Interactive merchandising learning tools used by store employees
Introduction
Adidas store teams around the world follow visual merchandising guidelines to create clear, inspiring and consistent retail environments. To support this, I designed a set of interactive learning tools used directly on the shop floor. The guides help employees understand folding techniques, fixture layouts and brand presentation principles in a practical and accessible way.

Challenge
The goal was simple: Make learning easier, make consistency achievable.
Adidas has thousands of stores, many formats and a wide range of roles and skill levels across teams. Everyone needs access to the same visual merchandising knowledge, but not everyone needs the same information at the same moment. A person working in footwear should be able to quickly find exactly what applies to footwear. The same goes for apparel, store windows or specialty brand zones.
The challenge was to organize a large amount of content in a way that feels natural to navigate, while still remaining aligned with adidas brand standards. Information needed to be easy to find, easy to understand and supportive in real store environments where time is limited and expectations are high.

Process
We began by speaking with store employees, regional VM managers and stakeholders to understand goals, habits and pain points. Interestingly, both sides shared the same aim. Headquarters wanted store consistency. Store employees wanted their stores to look great. The alignment was already there. We just had to design the tool that supported that shared goal.
Next, we focused on structuring the information. After reviewing all existing documents, photographs and training materials, a clear pattern emerged. The content could be grouped into three layers:
sub-brand
product or fixture type
specific application details category

This structure became the backbone of the experience.

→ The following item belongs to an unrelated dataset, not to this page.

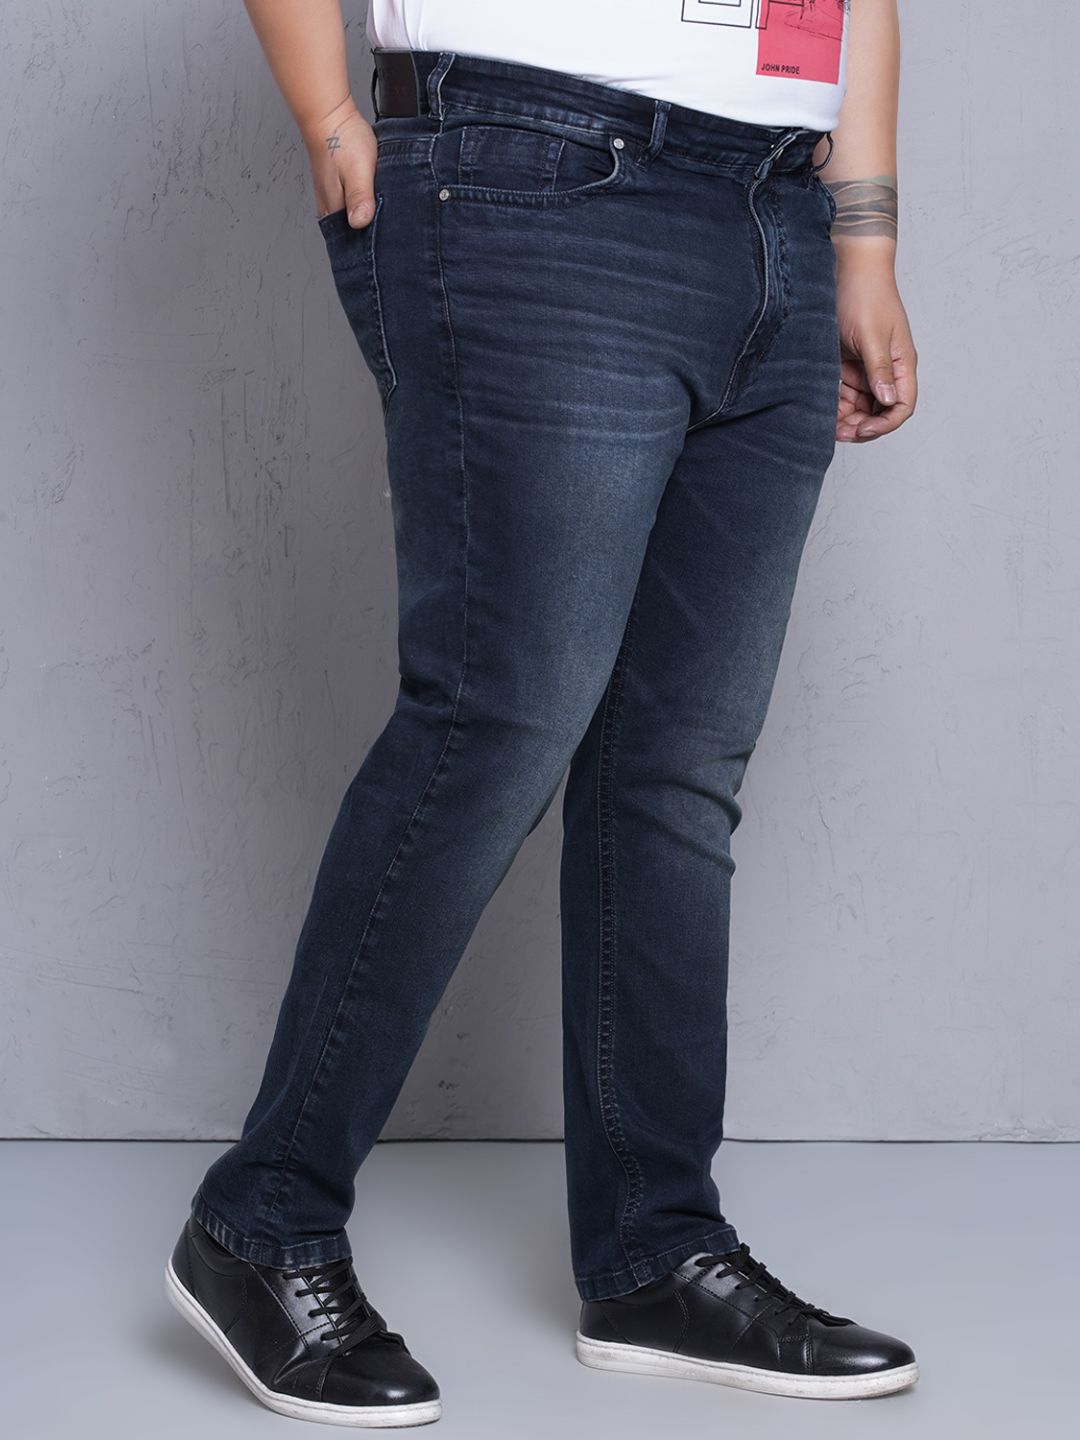 bottomwear/jeans/JPJ12436/jpj12436-3.jpg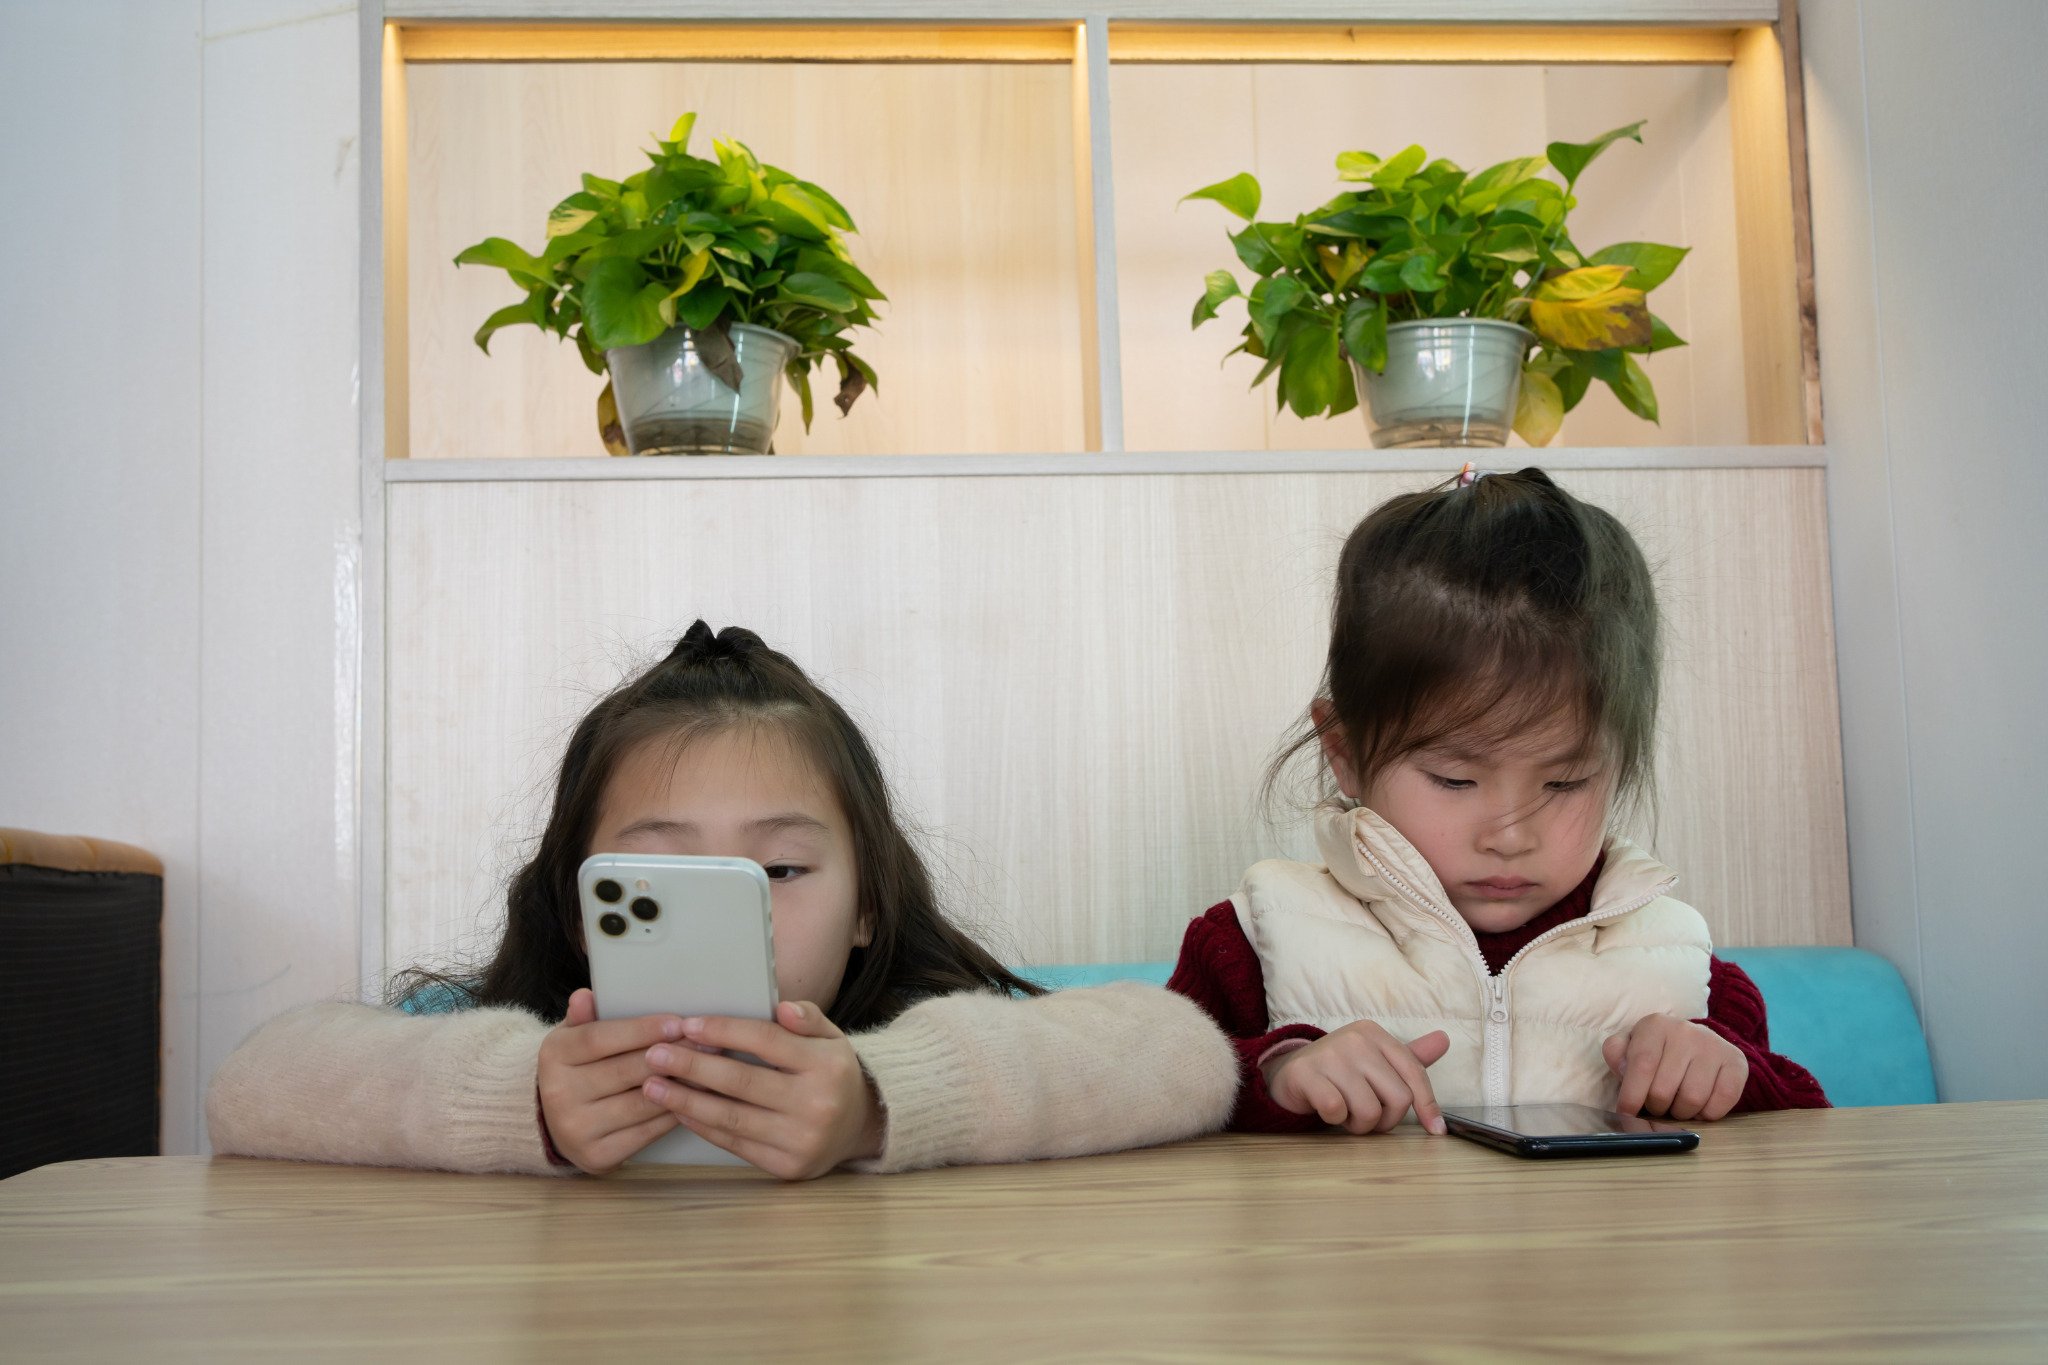  Trẻ có thể chơi điện thoại trong thời gian dài, với tư thế cúi đầu hàng giờ có thể gây tổn thương cho đốt sống cổ và cơ lưng (Ảnh minh hoạ)

We wireframed using templates to create familiarity and scanning ease. We tested early versions with actual store employees to learn how they searched, navigated and recalled information. Feedback drove iteration, particularly around hierarchy and the flow of learning.

Solution
The final product is a set of interactive iPad guides that make VM learning practical, simple and repeatable. Employees can zoom into the exact store area they’re working on, learn the correct presentation technique and apply it immediately. The design system ensures consistency across chapters and future content additions.

A notable addition was the review modules, introduced to help reinforce learning and validate understanding. They turned the guides from static reference material into an active learning tool. These were embraced by both local store managers and leadership.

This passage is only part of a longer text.